The fourth season of Medium, an American television series, began January 7, 2008, and ended on May 12, 2008. It aired on NBC.

Production
Renewal for a fourth season of Medium was announced on May 7, 2007, with an undetermined premiere date and number of episodes. It was the seventh series to be renewed by the network, behind solid performers Heroes and Law & Order: Special Victims Unit. One week later, the network announced that Medium would move to the Sunday 9 p.m. time slot upon its return in January 2008. News on the series' return did not come until December 2007 when NBC announced that the fourth season would begin in January in its original Monday 10 p.m. time slot, despite the WGA Strike of 2007, which forced the show to cease production, allowing for only nine episodes to be filmed. Scheduling returning mid-season shows in timeslots where they were previously successful was a pattern for NBC during the strike: Law & Order returned to Wednesdays at 10 and The Apprentice was back on Thursdays at 9:00 p.m.

Plot 
Allison's world is turned upside down after her gifts were revealed to the world at the end of the previous season.
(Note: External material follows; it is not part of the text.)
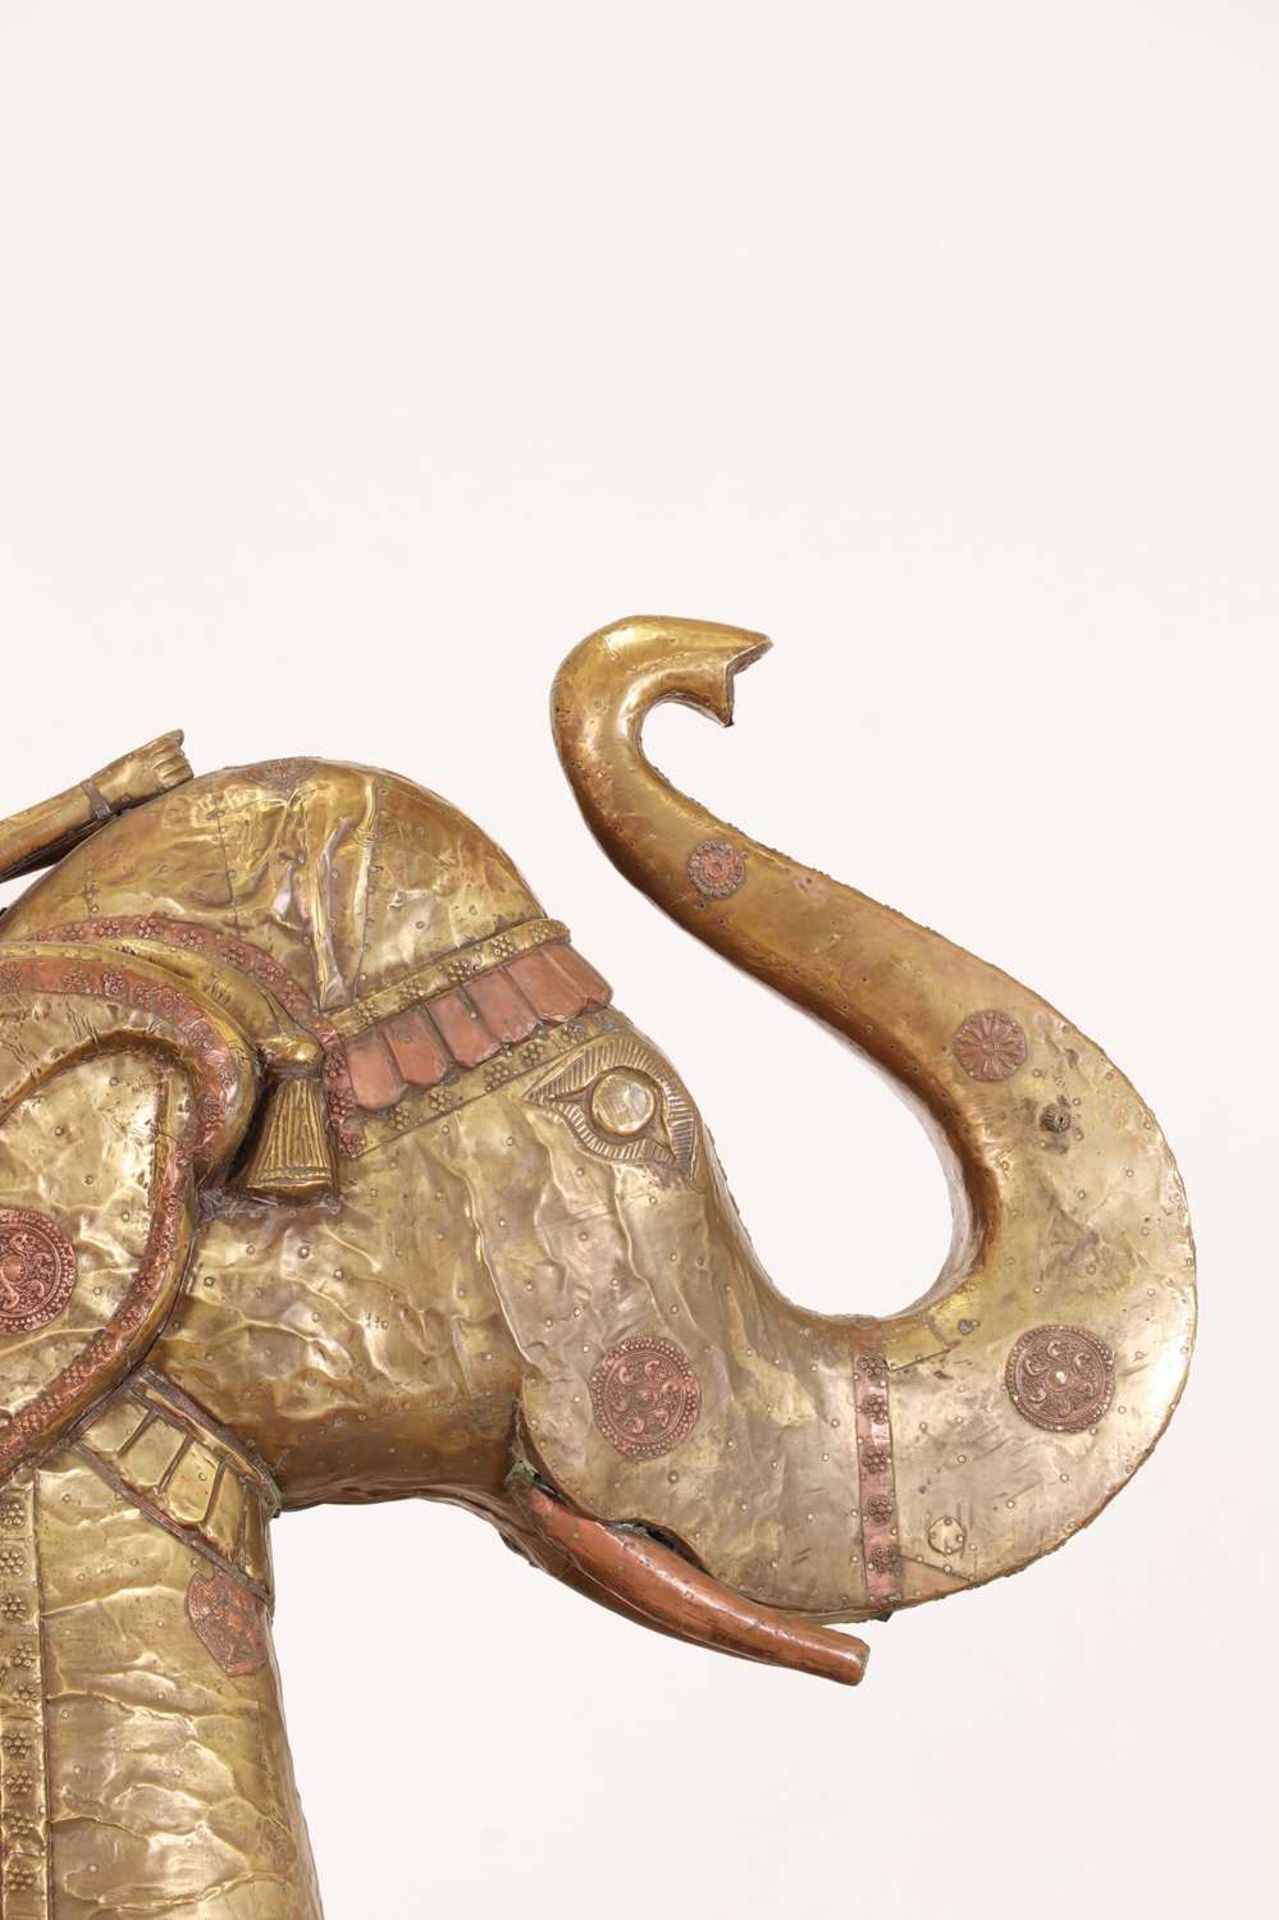 A large copper and brass-clad pull-along elephant,

Manuel and Allison both lose their jobs and Scanlon, damaged by his closeness to Allison, is assigned demeaning public relations work by the new District Attorney Van Dyke. While struggling to balance the ever growing media attention and the visions that haunt her, Allison meets Cynthia Keener (Anjelica Huston), an investigator with "Ameri-Tips" who personally hires her to help solve crimes under the table. Somewhat of a skeptic, Cynthia has her doubts about Allison's abilities but continues to pay her for her services, until Allison begins to have dreams about Cynthia's missing daughter. The missing case becomes present when another girl goes missing in the same manner. Allison and Cynthia work together to stop the killer and put her daughter's body to rest. In a shocking twist, Cynthia murders her daughter's killer but immediately calls the police, accepting the consequences of her actions.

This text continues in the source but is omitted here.